2 Materials and methods

2.1 Participants

We recruited 572 recovered COVID-19 patients aged ≥18 years using a dual-phase approach between 28 August and 30 September 2020. In the first phase, 2,228 adult COVID-19 convalescents hospitalized between December 2019 and April 2020 were randomly selected from the electronic medical records of three designated hospitals: Hubei Integrated Chinese and Western Medicine Hospital (n = 682), Leishenshan Hospital (n = 1,014), and Hankou Hospital (n = 532). Recruitment invitations dispatched via SMS yielded 445 consenting participants.
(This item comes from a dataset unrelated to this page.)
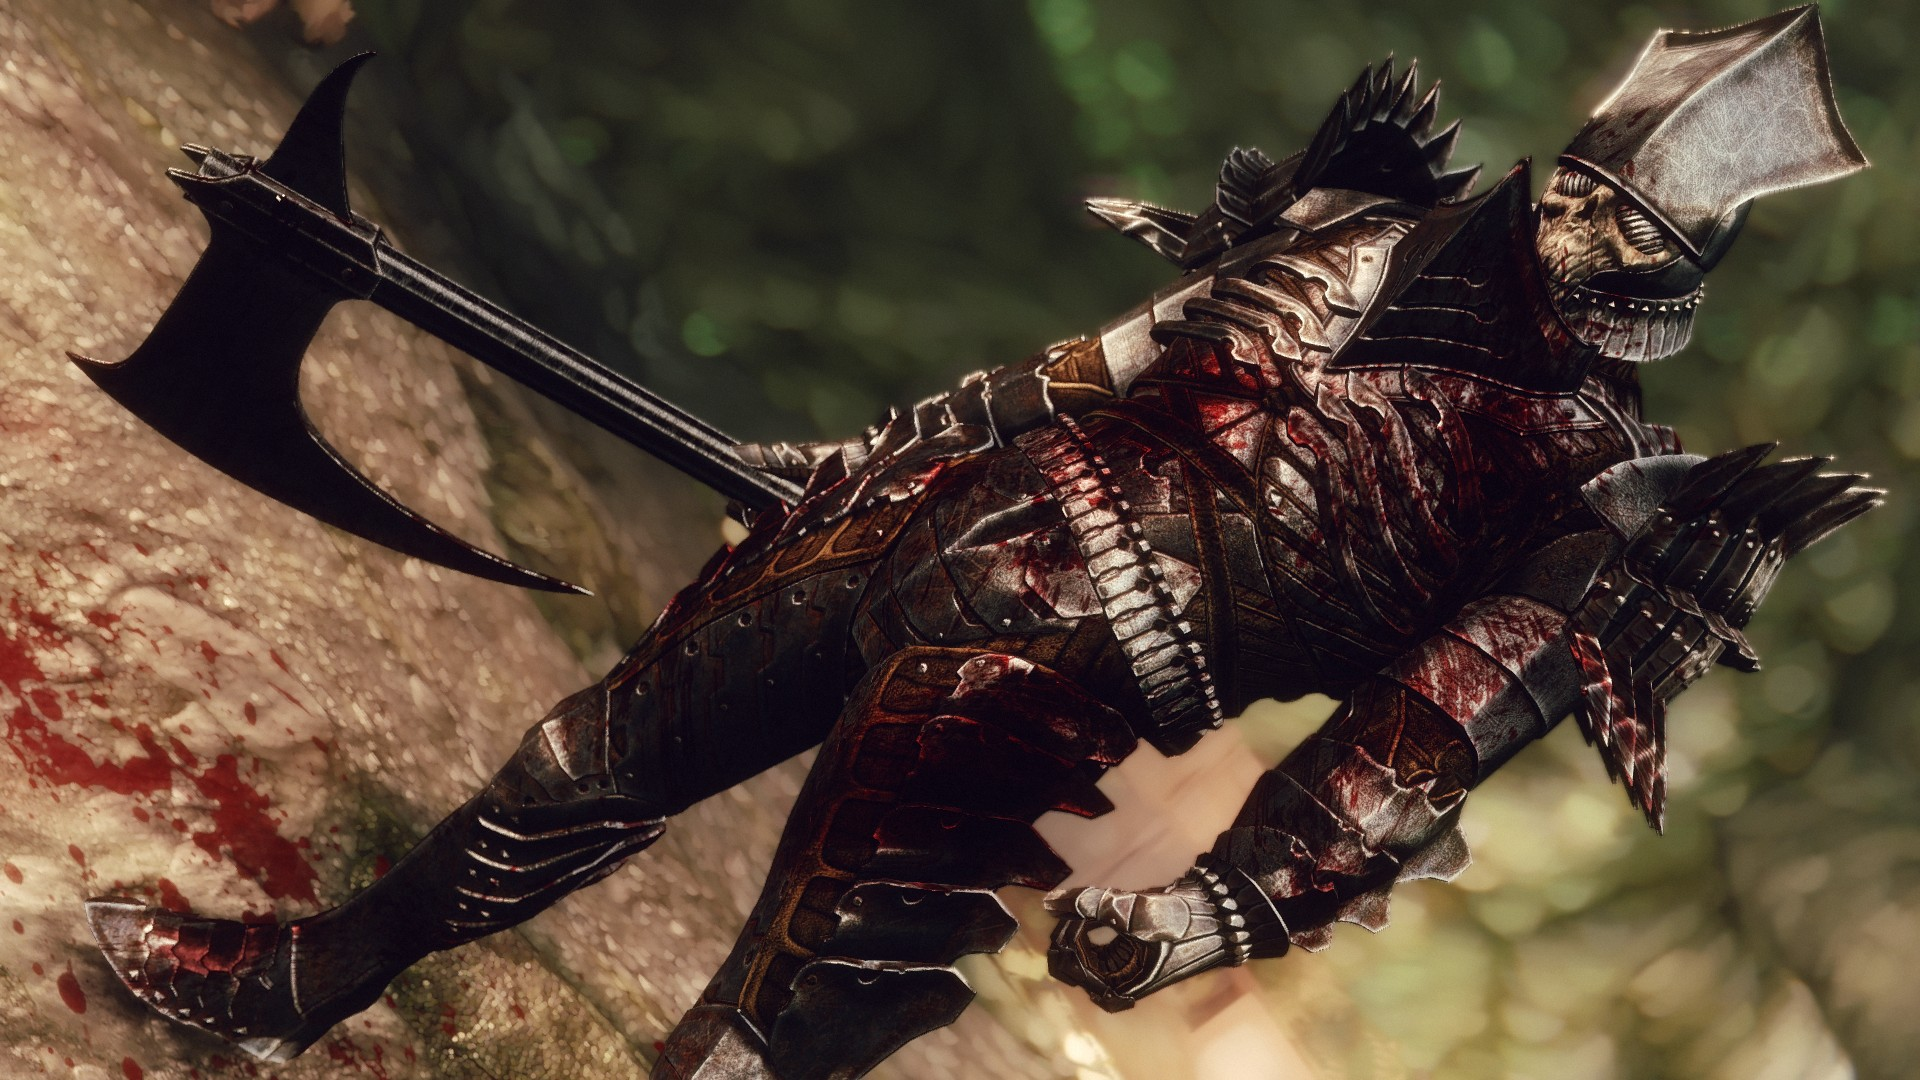 Team TAL - The Elder Scrolls 5: Skyrim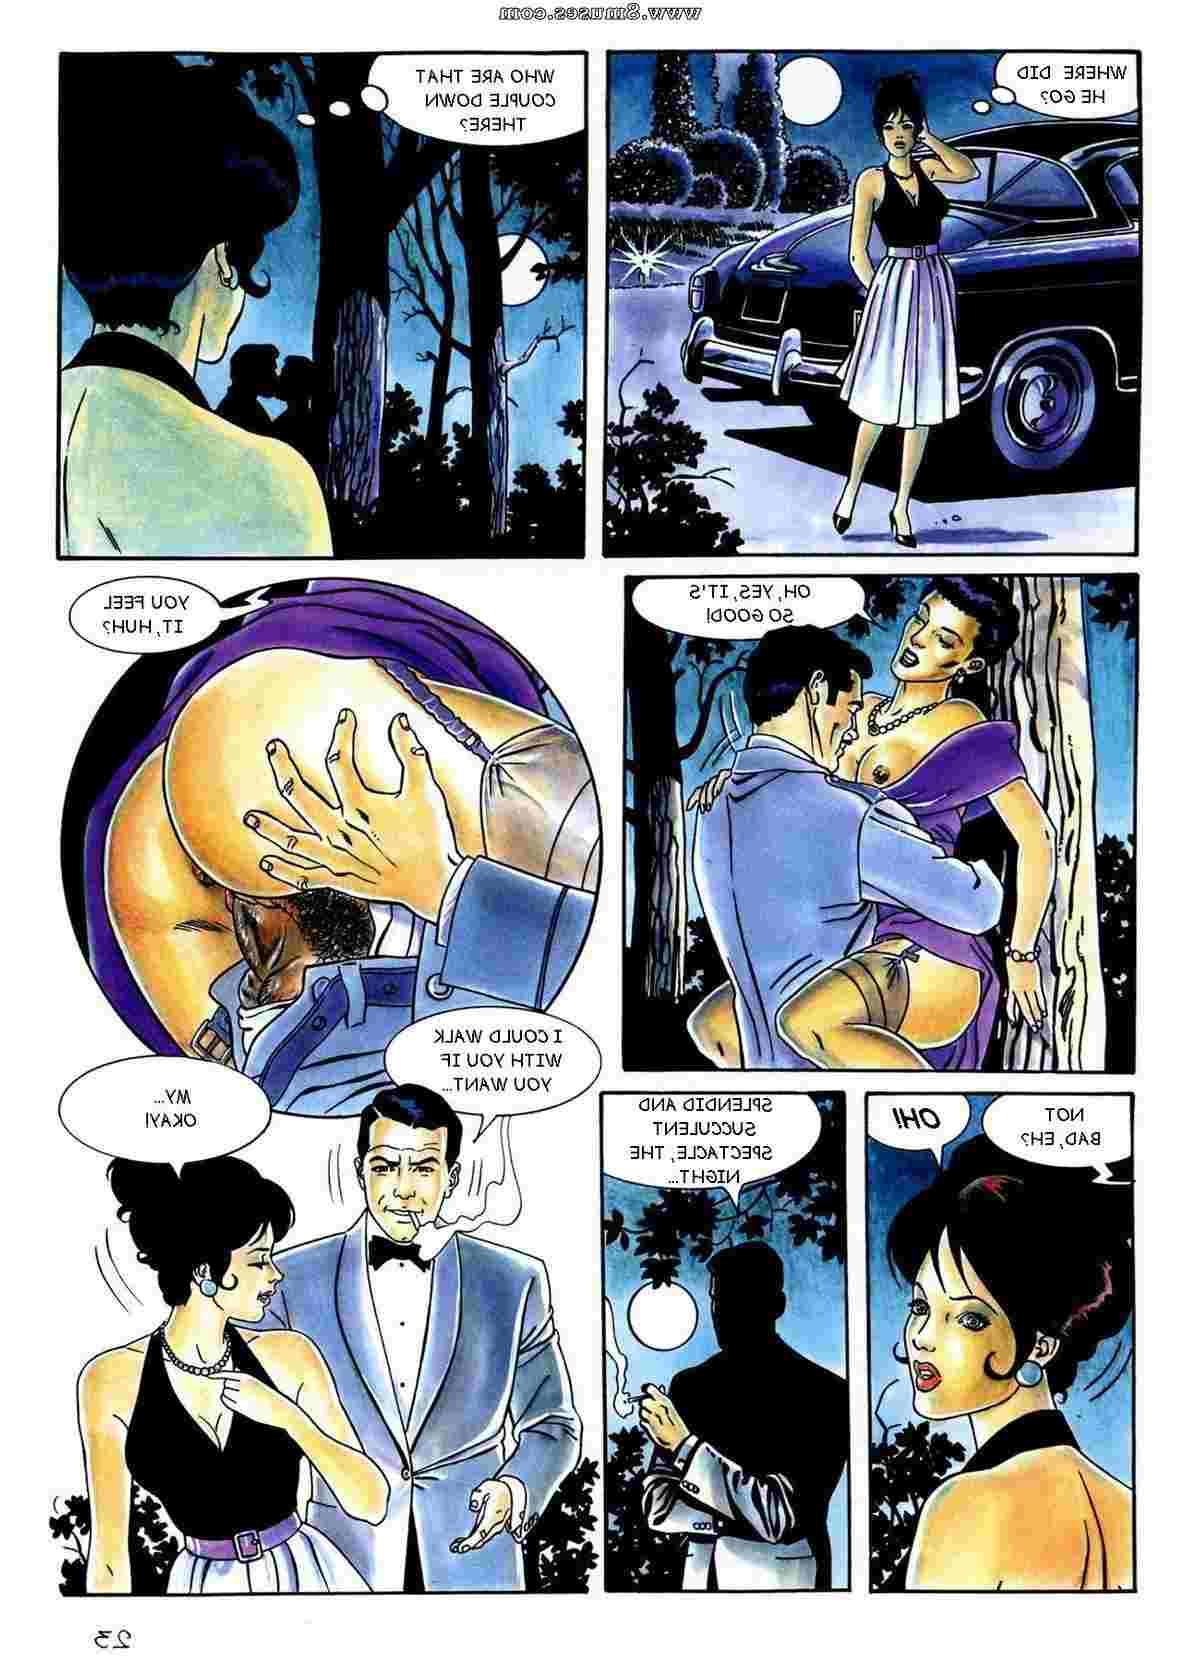 Stramaglia-Morale-Comics/Anna-Perverted-Innocence Anna_Perverted_Innocence__8muses_-_Sex_and_Porn_Comics_26.jpg

Concurrently, media announcements targeting the broader population of COVID-19 survivors supplemented recruitment with an additional 127 volunteers. The final cohort of 572 recovered COVID-19 patients had been discharged from Hubei Provincial Hospital of Traditional Chinese and Western Medicine (N = 197), Wuhan’s Leishenshan Hospital (N = 165), Wuhan’s Huoshenshan Hospital (N = 69), Wuhan’s Hankou Hospital (N = 82), and Wuhan’s 15 other hospitals (N = 59) between 17 January and 24 June 2020. All patients were interviewed face-to-face between 28 August and 30 September 2020, at the Hubei Provincial Hospital of Traditional Chinese and Western Medicine. The study was approved by the Ethics Committee of Guangdong Provincial Hospital of Chinese Medicine (BF2022-046-01). Written informed consent was obtained from all participants. The study was performed in accordance with the Declaration of Helsinki.

2.2 Data sources

We collected data across three broad classes of characteristics (Figure 1 and Table 1): (1) 44 laboratory traits during the recovery period; (2) demographic variables (age and sex), clinical information from the acute phase (disease severity and comorbidities) recorded in hospital medical records, and the duration from discharge to follow-up; and (3) genomic data.

Figure 1

Figure 1. Clinical information and sample of COVID-19 patients for the laboratory traits. INR, international normalized ratio; PT, prothrombin time; FIB, fibrinogen; ALT, alanine aminotransferase; HBDH, α-hydroxybutyric dehydrogenase; CK, creatine kinase; FBG, fasting blood glucose; LDH, lactate dehydrogenase; AST, aspartate aminotransferase; TBIL, total bilirubin; DBIL, direct bilirubin; IBIL, indirect bilirubin; SCR, serum creatinine; BUN, blood urea nitrogen; cytotoxic T, CD3⁺/CD8⁺ lymphocyte count; B-cell, B lymphocyte count; NK-cell, NK lymphocyte count; CRP, C-reactive protein; SAA, serum amyloid A; APTT, activated partial thromboplastin time; TT, thrombin time; PTA, prothrombin activity; TP, total protein; Alb, albumin; Glb, globulin; A/G, albumin/globulin ratio; UA, serum uric acid; WBC, white blood cell count; Hb, hemoglobin; Plt, platelet count; Neu#, neutrophil count; Lym#, lymphocyte count; Lym%, lymphocyte percentage; Lymc, lymphocyte count; for comorbidities, HBP, high blood pressure; CAD, coronary artery disease; RD, respiratory disease; CVD, cardiovascular disease; CKD, chronic kidney disease; and COPD, chronic obstructive pulmonary disease. 0 indicates no, and 1 indicates yes.

Table 1

Table 1. Clinical characteristics of the enrolled patients.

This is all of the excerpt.